Metamorfosis mutua de las cosas, Jakob Bornitz

«Mutua rerum metamorphosis» (Metamorfosis mutua de las cosas)

«Mutua rerum metamorphosis» (Metamorfosis mutua de las cosas) 850 480 V.M. Kwen Khan Khu

Estimados lectores y lectoras:

Me complace enviaros, en esta oportunidad, el presente grabado titulado…

…MUTUA RERUM METAMORPHOSIS
─‘Metamorfosis mutua de las cosas’─

Para comenzar nuestra explicación debemos deciros que este grabado es el número 17 del libro Emblematum sacrorum et civilium miscellaneorum,Diversos emblemas sagrados y civiles’. El libro fue escrito por Jacob Bornitz, conocido en alemán como Jakob ─1560-1625─, un escritor, jurista y diplomático de la Silesia austríaca de los siglos XVI y XVII.

Metamorfosis mutua de las cosas, Jakob Bornitz

DESCRIPCIÓN:

Ignis aquae vires, vice mira, aqua concipit ignis: Mutua naturae semina quaeque gerunt.

Traducción: ‘El fuego y el agua tienen poderes, en un giro maravilloso, el agua concibe al fuego: Cada uno lleva las semillas de la naturaleza mutua’.

¿Qué significa esto, queridos amigos?

En el mundo de las transmutaciones, todos nosotros sabemos acerca de las diversas potencialidades que poseen los cuatro elementos de la naturaleza, a saber: el agua, el fuego, el aire y la tierra.
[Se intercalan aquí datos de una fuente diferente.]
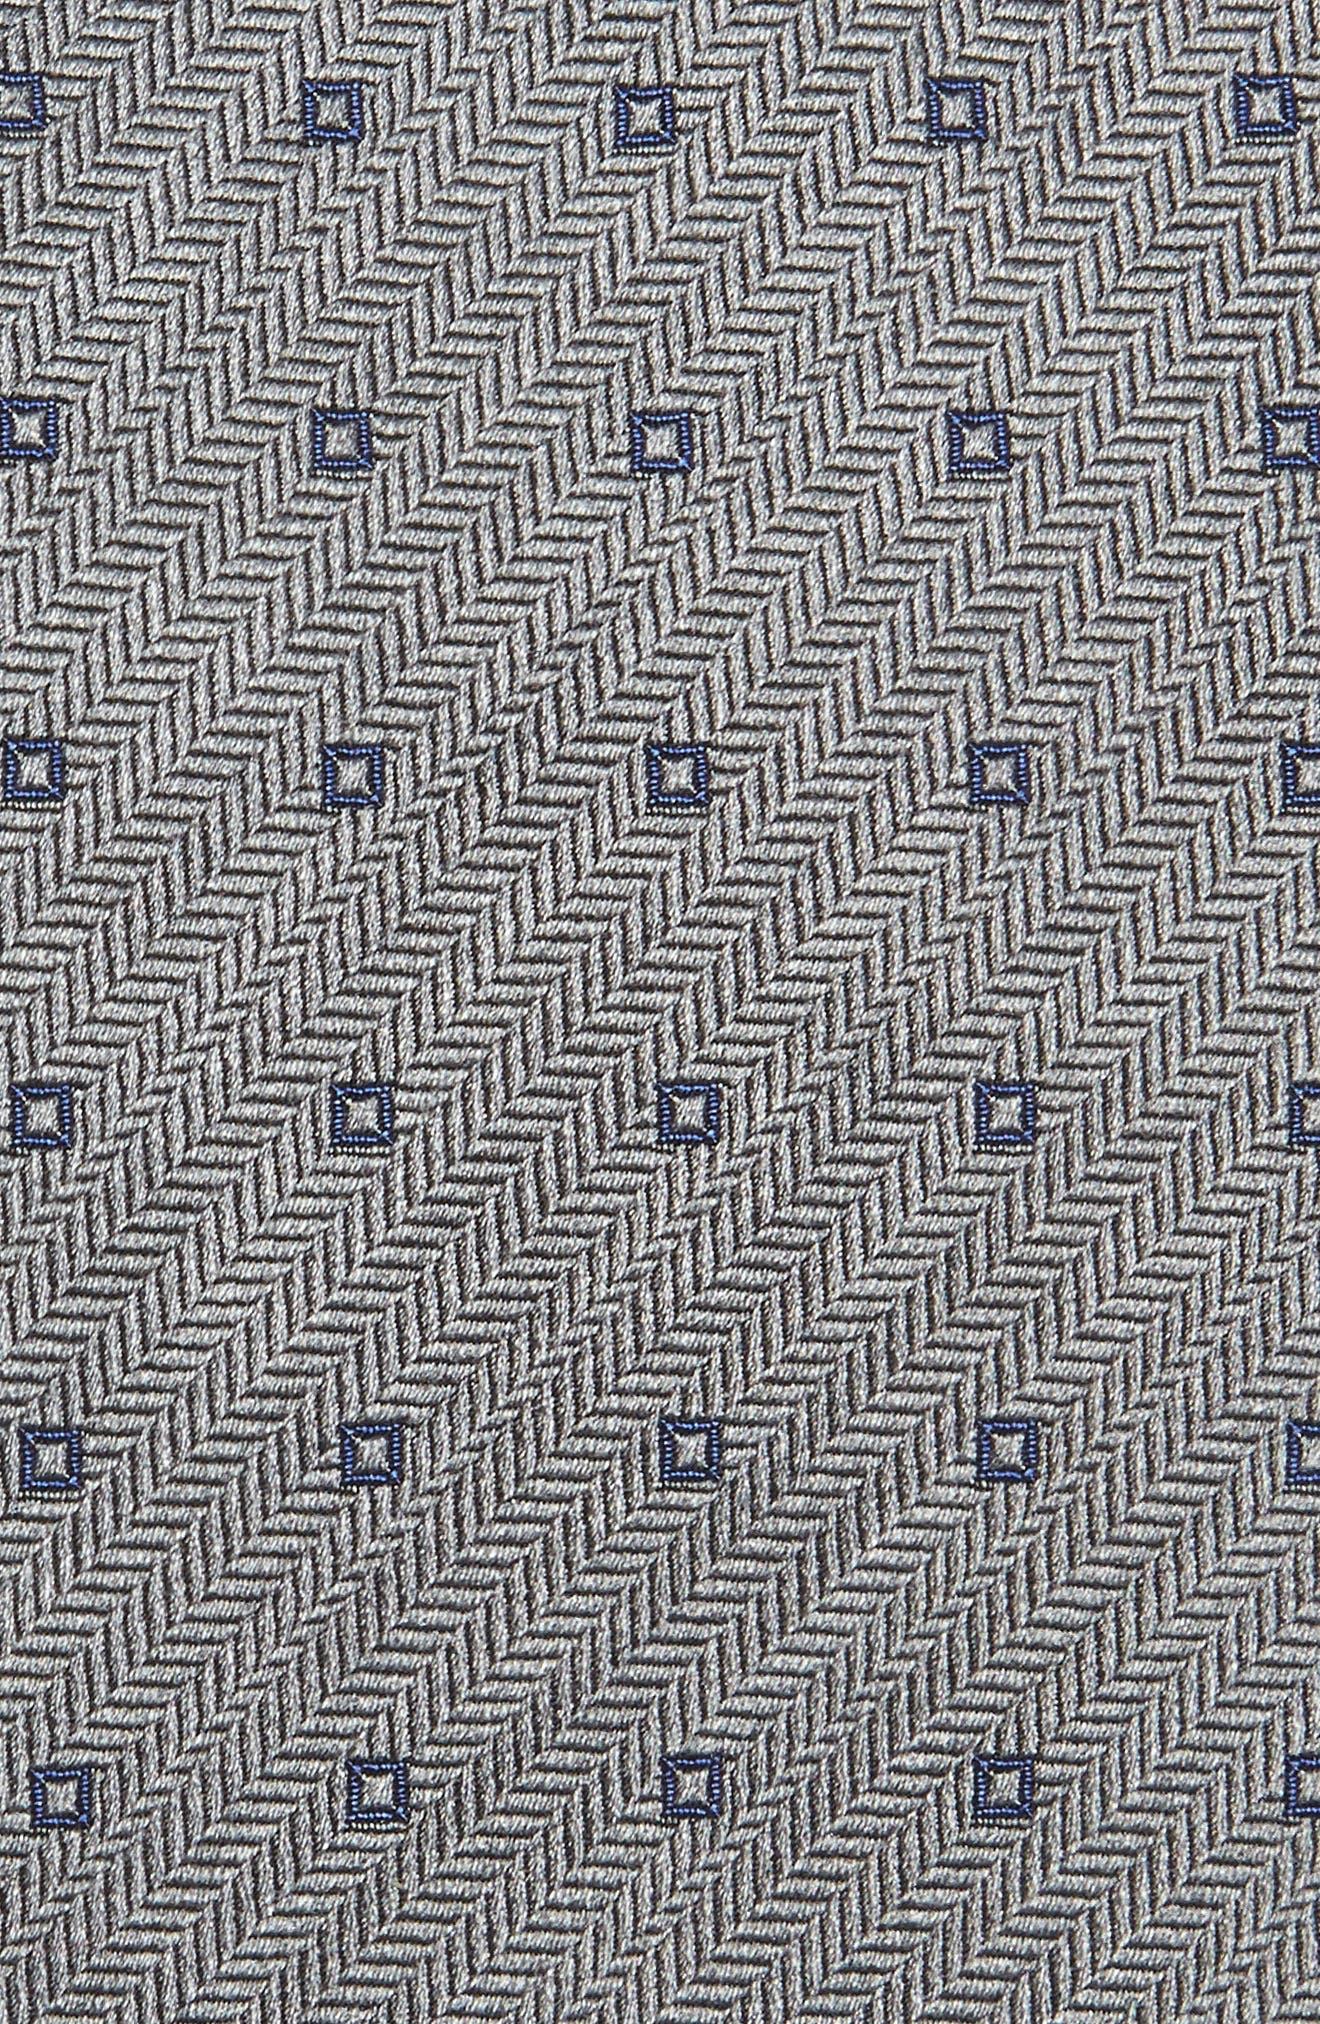 Square Dot Silk Tie,                             Alternate thumbnail 2, color,                             Charcoal/ Blue

Escrito está que en el inicio de la creación estos elementos fueron mezclados inteligentemente por la bendita MULAPRAKRITI ─Divina Madre Cósmica─ para comenzar a darles forma a las unidades planetarias que hoy conforman nuestro Sistema Solar.

En el centro de nuestro grabado, el artista, seguro conocedor de estos fenómenos metafísicos, nos muestra a un personaje que con su mano derecha, teniendo en ella una jarra, escancia el líquido elemento sobre una especie de plato del que brotan unas llamas. Este grabado nos está diciendo lo que afirmaron y siguen afirmando los verdaderos Maestros del arte hermético: «En el agua duerme el fuego»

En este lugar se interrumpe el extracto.